Racing is probably the last thing that fires up in your mind when you think of Royal Enfield motorcycles. But many are still unaware of the fact that Royal Enfield had actually built a Continental GT back in 1965, which was a tuned 250cc café racer bike developed to target the young riders of that era. Café Racing culture had first originated in Britain during the post-war era, when motorcycle enthusiasts in leathers, boots and open face helmets began using stripped-down customized fast motorcycles, and raced each other from one café to another. Now, the thing with some cultures is that they never fade away. Thus as a nod to the original Continental GT, Royal Enfield has revived the feeling of freedom, fun and responsiveness that riders were trying to achieve back then and re-introduced it in the modern context with the new 535cc Continental GT café racer motorcycle. So is this really the fastest, lightest and most powerful motorcycle Royal Enfield has ever made?

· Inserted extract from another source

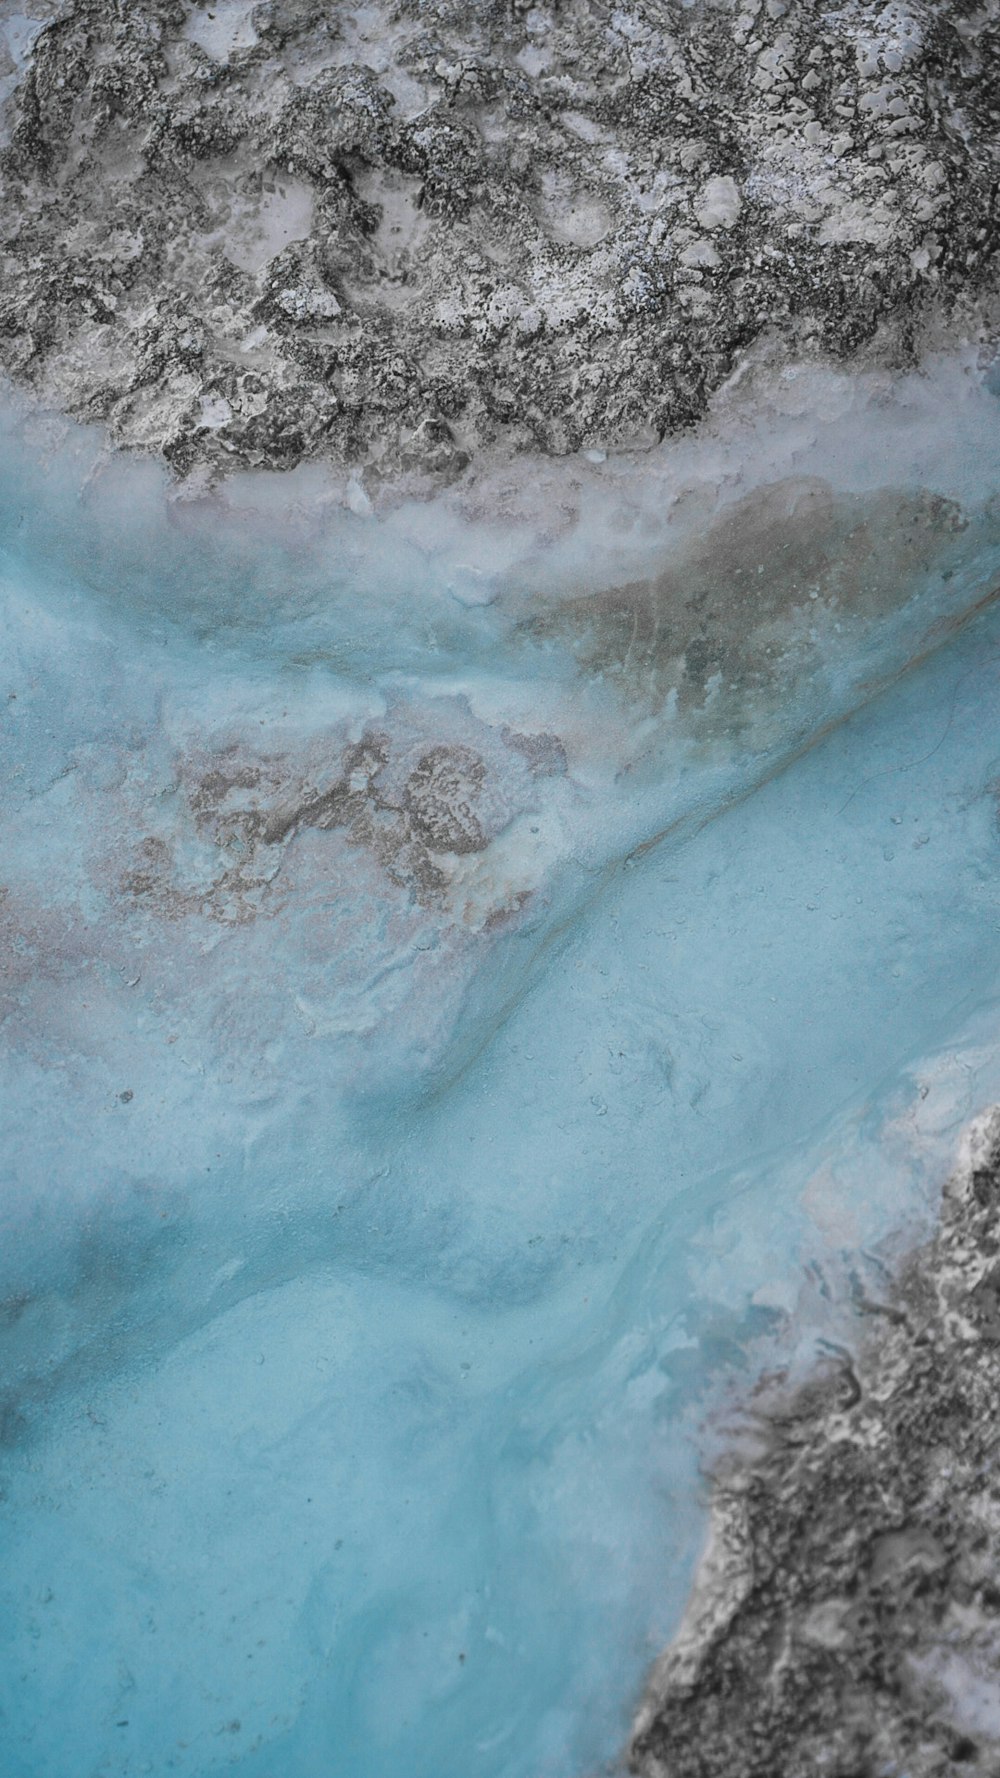 a close up of a blue substance in water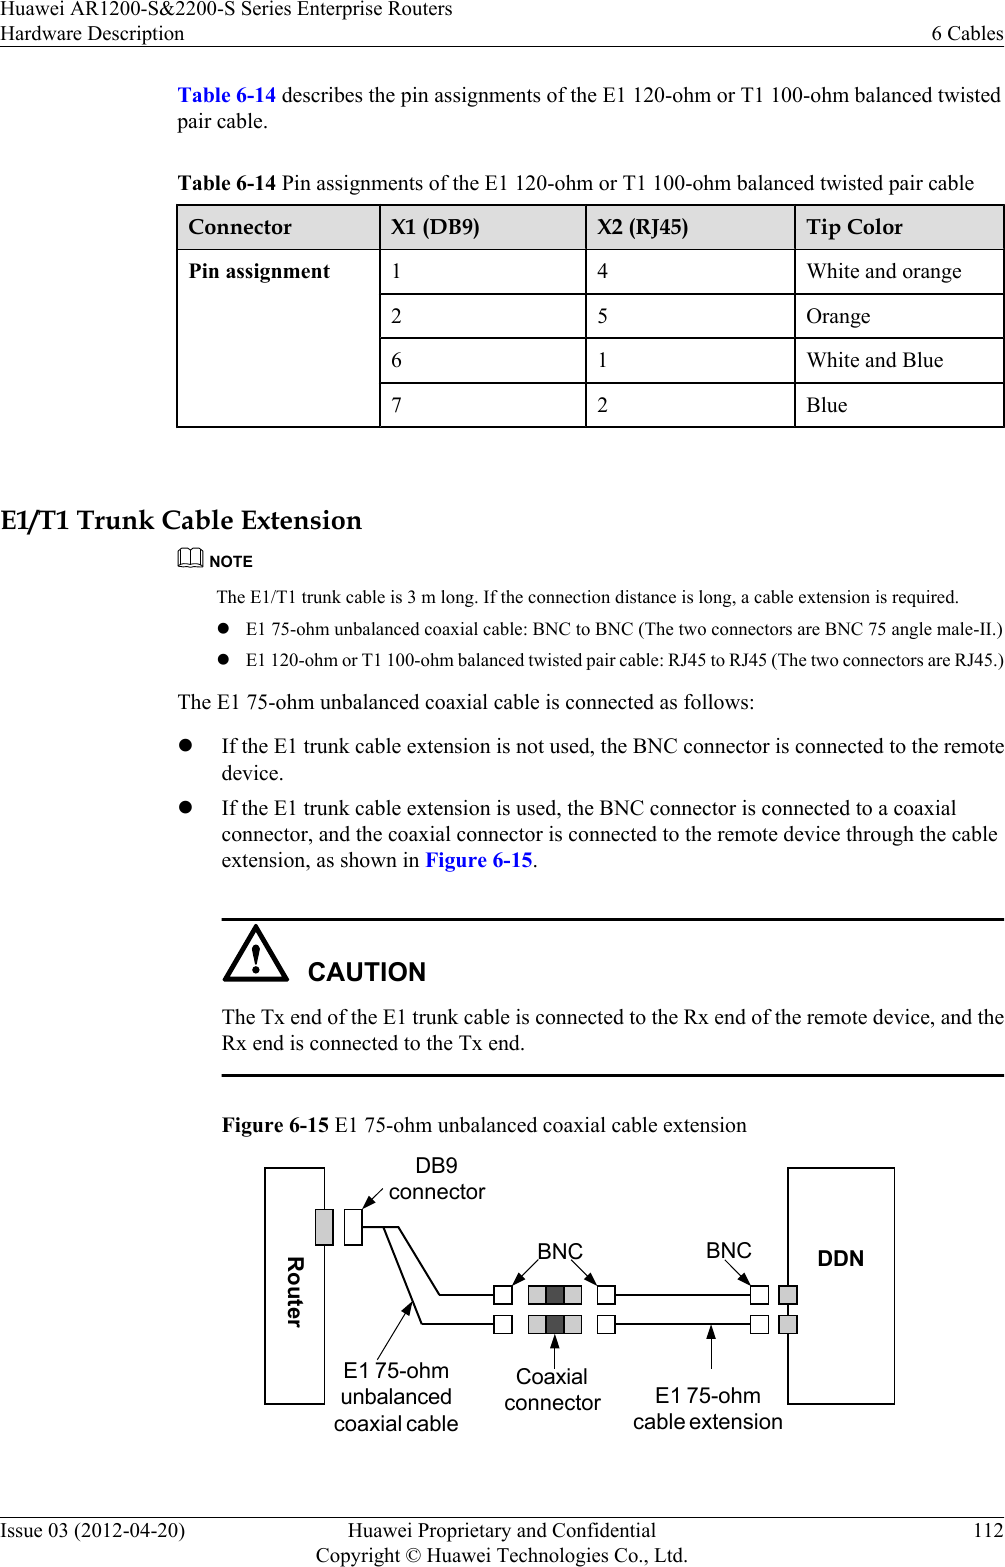 Table 6-14 describes the pin assignments of the E1 120-ohm or T1 100-ohm balanced twistedpair cable.Table 6-14 Pin assignments of the E1 120-ohm or T1 100-ohm balanced twisted pair cableConnector X1 (DB9) X2 (RJ45) Tip ColorPin assignment 1 4 White and orange2 5 Orange6 1 White and Blue7 2 Blue E1/T1 Trunk Cable ExtensionNOTEThe E1/T1 trunk cable is 3 m long. If the connection distance is long, a cable extension is required.lE1 75-ohm unbalanced coaxial cable: BNC to BNC (The two connectors are BNC 75 angle male-II.)lE1 120-ohm or T1 100-ohm balanced twisted pair cable: RJ45 to RJ45 (The two connectors are RJ45.)The E1 75-ohm unbalanced coaxial cable is connected as follows:lIf the E1 trunk cable extension is not used, the BNC connector is connected to the remotedevice.lIf the E1 trunk cable extension is used, the BNC connector is connected to a coaxialconnector, and the coaxial connector is connected to the remote device through the cableextension, as shown in Figure 6-15.CAUTIONThe Tx end of the E1 trunk cable is connected to the Rx end of the remote device, and theRx end is connected to the Tx end.Figure 6-15 E1 75-ohm unbalanced coaxial cable extensionRouterDB9connectorBNCE1 75-ohmunbalancedcoaxial cableCoaxialconnector E1 75-ohmcable extensionDDNBNCHuawei AR1200-S&amp;2200-S Series Enterprise RoutersHardware Description 6 CablesIssue 03 (2012-04-20) Huawei Proprietary and ConfidentialCopyright © Huawei Technologies Co., Ltd.112

The Royal Enfield Continental GT has got everything in terms of styling to be called a proper Café Racer. There’s a low profile extended fuel tank with knee recesses, retro aluminium spoke wheels, clip-on handle bars, stubby front mudguard, fully-chromed headlamps, rearset footpegs and neatly sculpted racy single seat with red contrasting stitching and a curved seat cowl. The gloriously red paint scheme on the minimalistic design contrast well with the generously laid chrome bits. However, the GT isn’t flawless because the build  quality and the level of finish does leave some room for improvement. Interestingly, Royal Enfield offers a mini aluminium bar end mirrors, upswept performance exhaust pipe and a pillion seat as optional accessories to further enhance the styling and functionality.




The GT features back-lit twin pod analogue instrumentation cluster with one dial acting as the speedometer in both miles and kilometres, while the other acts as a rev counter with other tell-tale lights such as engine check light, battery warning indicator and turn indicators with high beam. A digital display on the left pod shows fuel tank level, two trip meters and an odometer.





It’s guaranteed that every time you head out on the Continental GT, there will be plenty of on-lookers craning their necks to get a better look at your motorcycle. It has the right balance of retro sophistication and modern elegance.



Thumb the starter or hit down the kick-starter and you might be surprised to hear none of the good old thumping that Royal Enfield’s have always been associated with. There is still a throaty, less angry rumble though. The new Royal Enfield features an upgraded 535cc single cylinder air-cooled Unit Construction Engine with a re-mapped ECU and lower inertia, all of which promises extra punch and responsiveness with a power of 29 bhp and 44 nm of torque. It’s no rocket, but when you lean over and gun the throttle, a grin comes automatically to your face. It certainly is happier to gather momentum than any other Royal Enfield I’ve ridden. It’s not difficult though to leave everything behind in a blur because the handlebar vibrations literally make the stock mirror absolutely useless. The vibrations kick in after around 3500 RPM and can make the experience quite annoying on a long haul. It’s impossible to ignore the fairly heavy vibes when you ride it flat out. The gearbox too isn’t perfect – shifts are heavy in feel and not always positive – but it is nice enough.



Rather than sitting upright, the rider sits sportily crouched over to the clip-on handlebar and the footpegs have been moved back a bit. But though you need to lean a bit more towards the sporty side, the bike still has a comfortable riding stance. Through traffic the GT was very nimble and once out of the city congestion, it dealt with the highway bends exceptionally. Unlike other Royal Enfield motorcycles, the GT actually handles pretty well. Thanks to the new frame by Harris Engineering and sticky Pirelli Sport Demon tyres, the GT carves corners without breaking a sweat. The rear Paioli Twin gas charged shock absorbers combined with the 41mm telescopic suspension at the front further inspires confidence with its stiff set-up. There’s massive stopping power as well with the 300mm Brembo discs in the front and 240mm at the rear.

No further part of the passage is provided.